Amgen contends that the policy goes against the FDA’s approved labeling for the drugs, as well as the recommendation by the Oncologic Drugs Advisory Committee and clinical practice guidelines from the American Society of Clinical Oncology and the American Society of Hematology.
As Amgen struggles the deal with falling sales of its anemia franchise, it has “commenced a global review of the company’s business plans” to identify cost-cutting potential, according to a regulatory filing in August.
In an 8–2 decision, a federal appeals court has ruled that terminally ill patients do not have a right to obtain experimental drugs, even if their physician cites the agent as the greatest hope for survival. The majority of judges declared that federal regulators have the authority to determine when experimental drugs can become available, and advocates who feel otherwise should take their case to Congress. The Abigail Alliance for Better Access to Developmental Drugs, named after a 21-year-old student who died from cancer after being denied access to two investigational anticancer drugs that were later FDA approved, brought the case to court, and vowed to appeal the decision to the Supreme Court.
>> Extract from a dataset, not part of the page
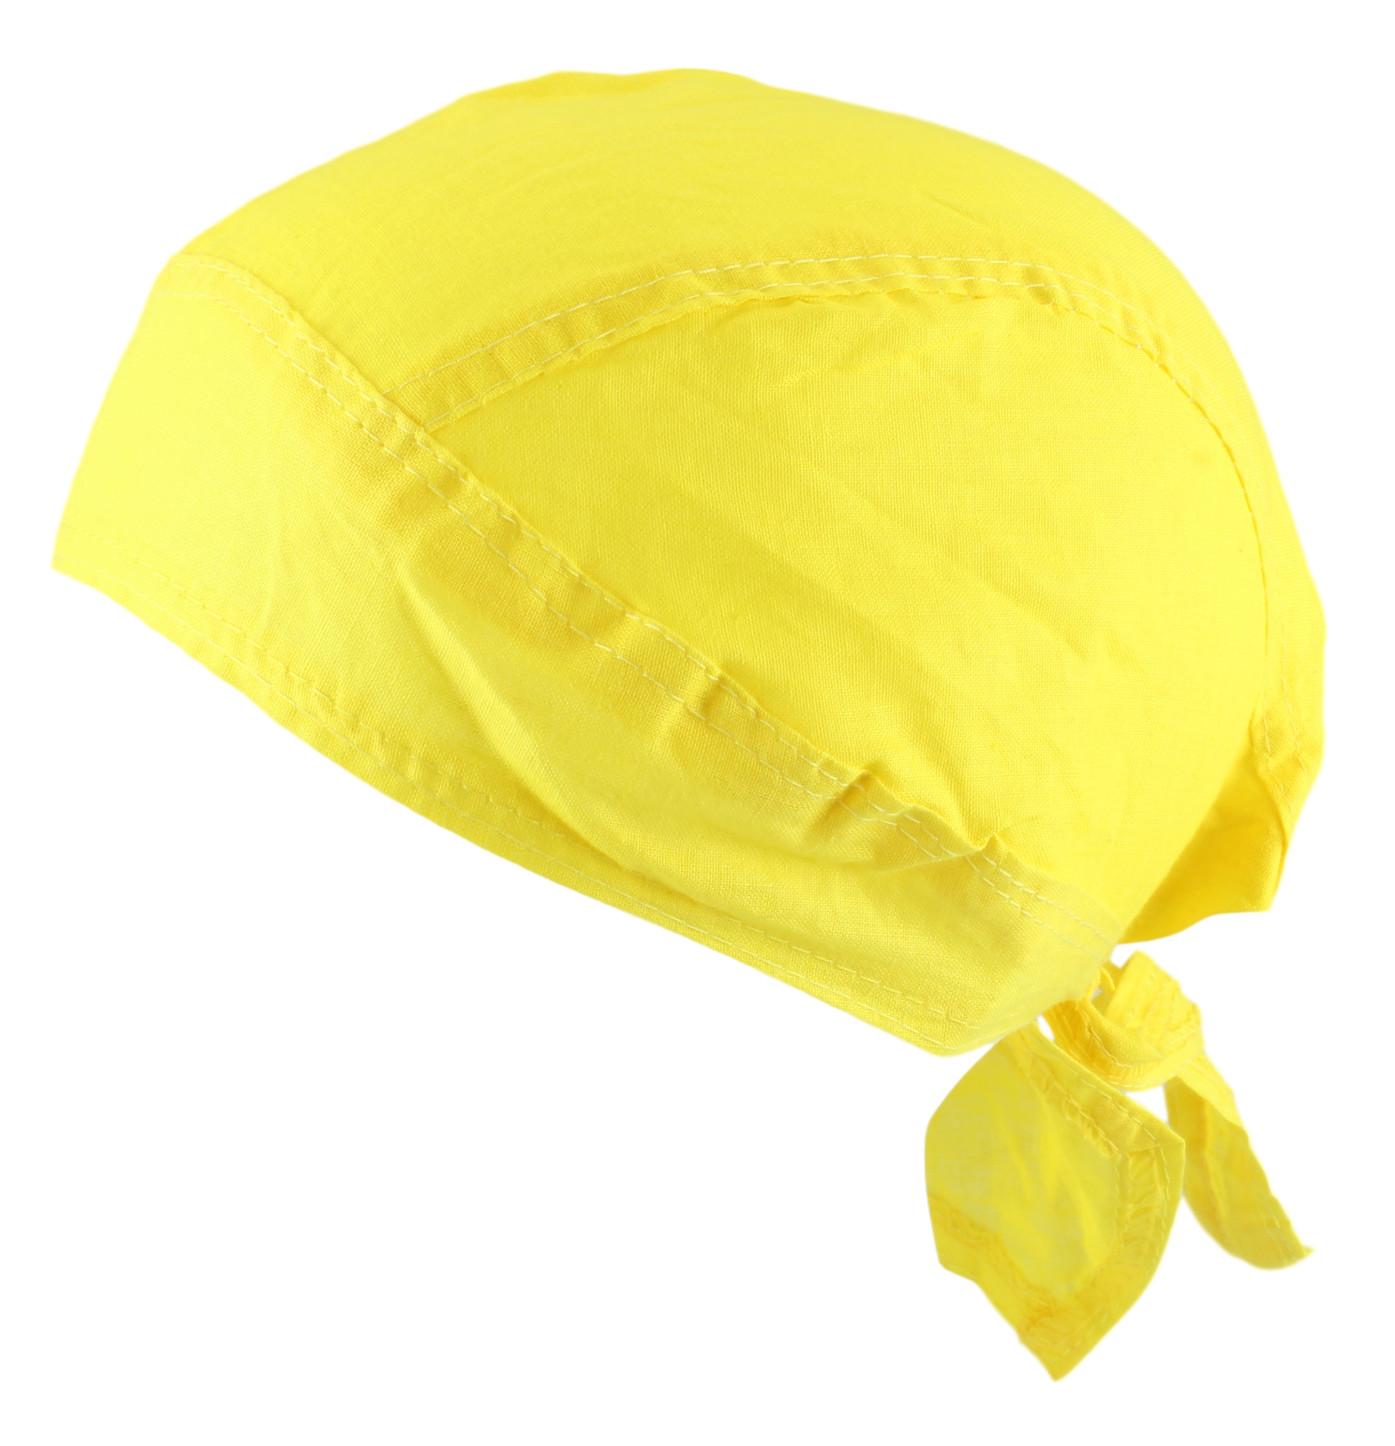 bandana cap zandana kopftuch biker hut hat durag 100. Black Bedroom Furniture Sets. Home Design Ideas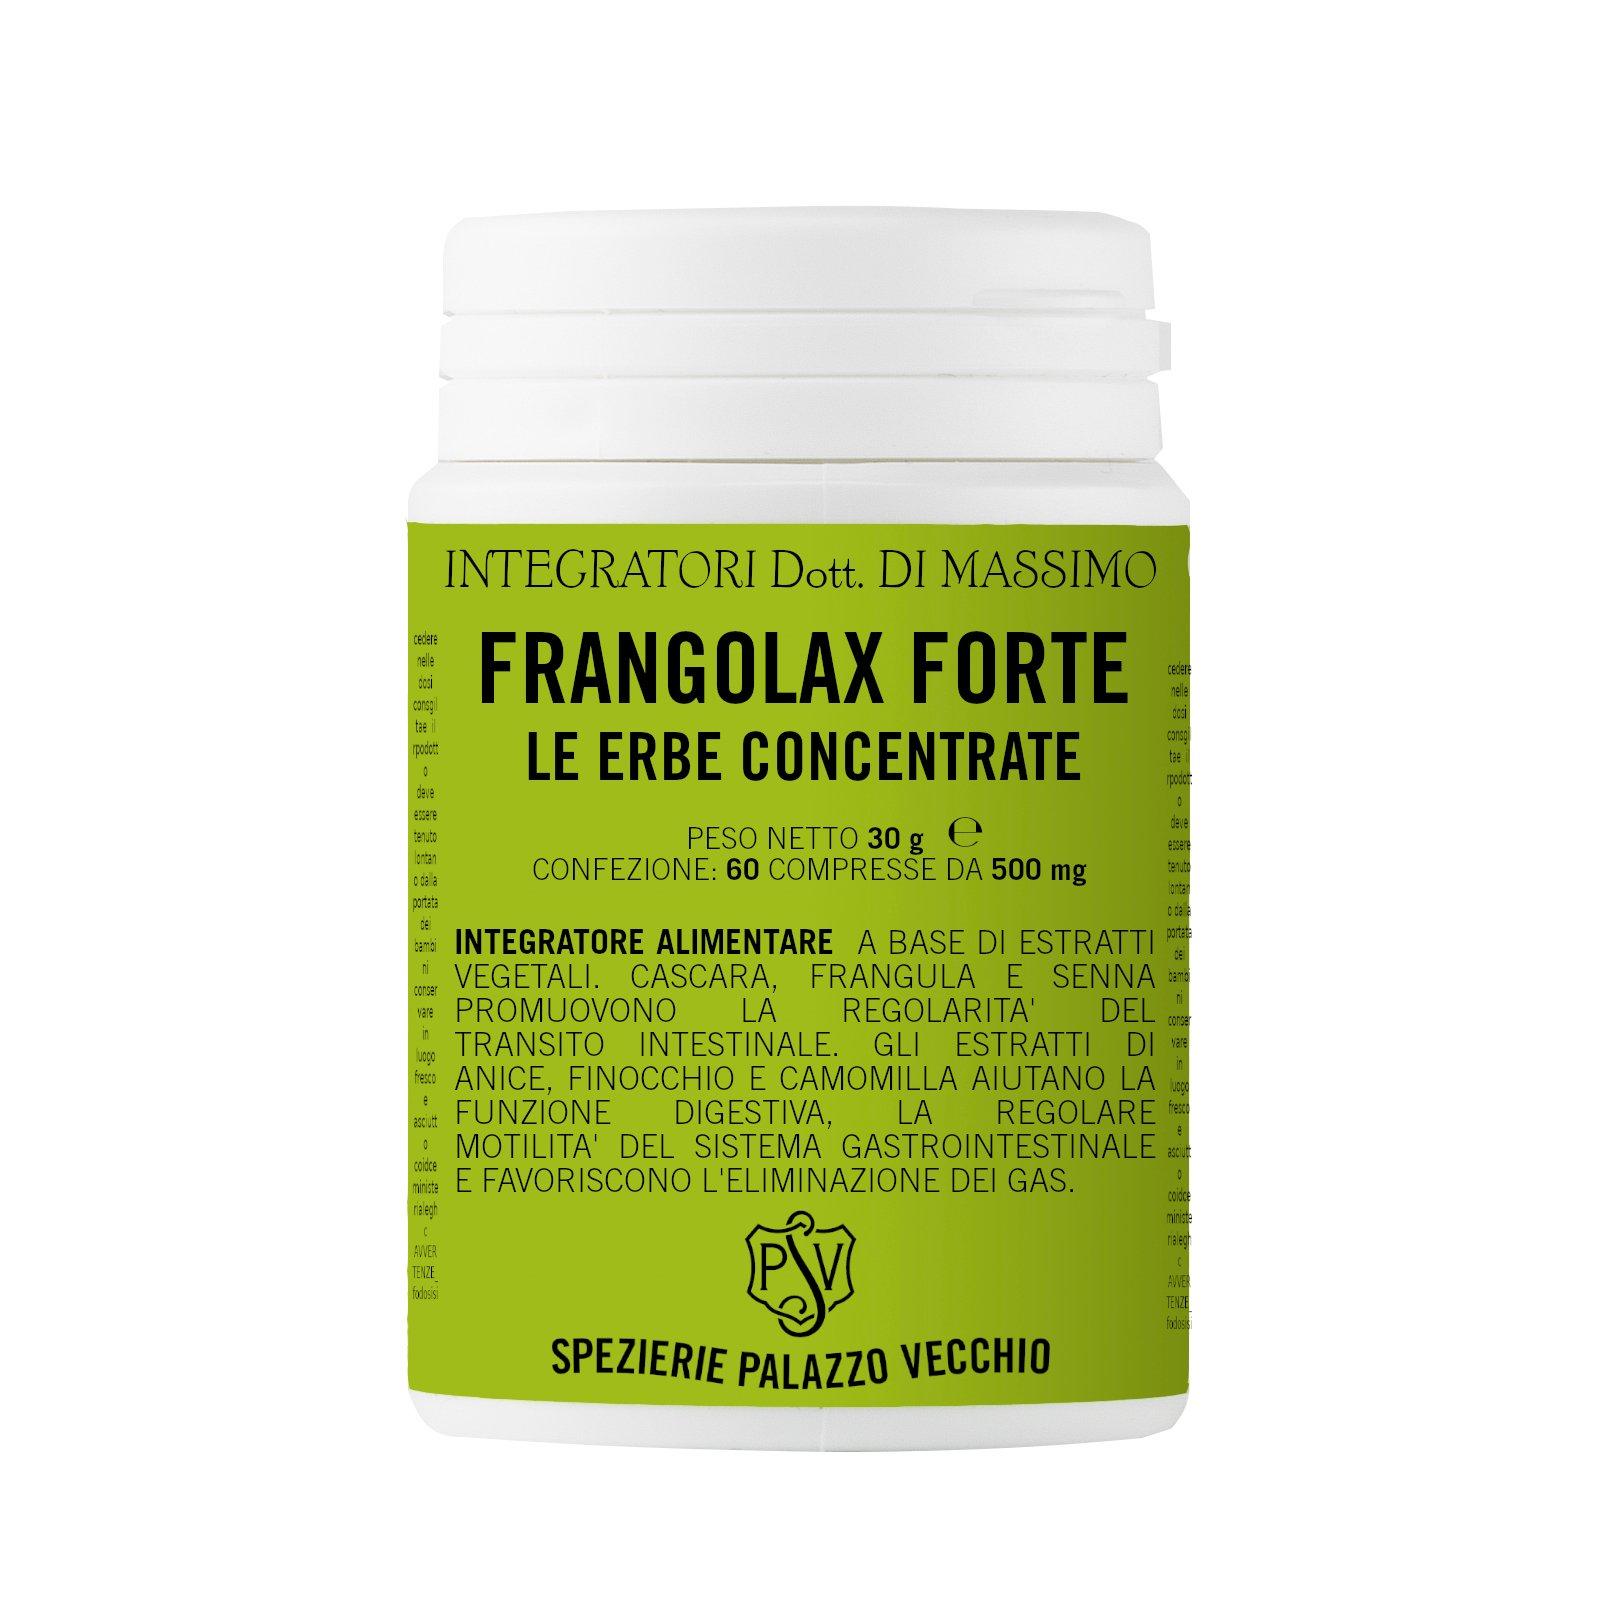 FRANGOLAX FORTE Le erbe concentrate-0

A federal judge has ruled that Roche’s antianemia drug Mircera infringes on an Amgen patent. … Initial public offerings abound: Reliant Pharmaceuticals plans to raise $400 million, with proceeds used for acquisitions and to pay off existing debt. Talecris is planning a $1 billion IPO, and Adnexus and ARYx Therapeutics also are planning to raise $86 million in separate IPOs. … Merck and Ariad have inked a $1 billion development pact for a late-stage metastatic sarcoma study. … Merck also plans to buy NovaCardia in a $350 million transaction. … Eli Lilly is entering the biotech market through its own pipeline rather than acquisitions. More than half of its new drugs entering clinical trials will be biologics, with plans to bring a new biologic to market every year beginning in 2011. … Astra Zeneca and United Kingdom-based Silence Therapeutics have signed a $402 million deal for early-stage identification and development of novel siRNA molecules. … Noven Pharmaceuticals is acquiring JDS Pharmaceuticals. … Pfizer inked a $1 billion deal with Icagen for development of pain medications.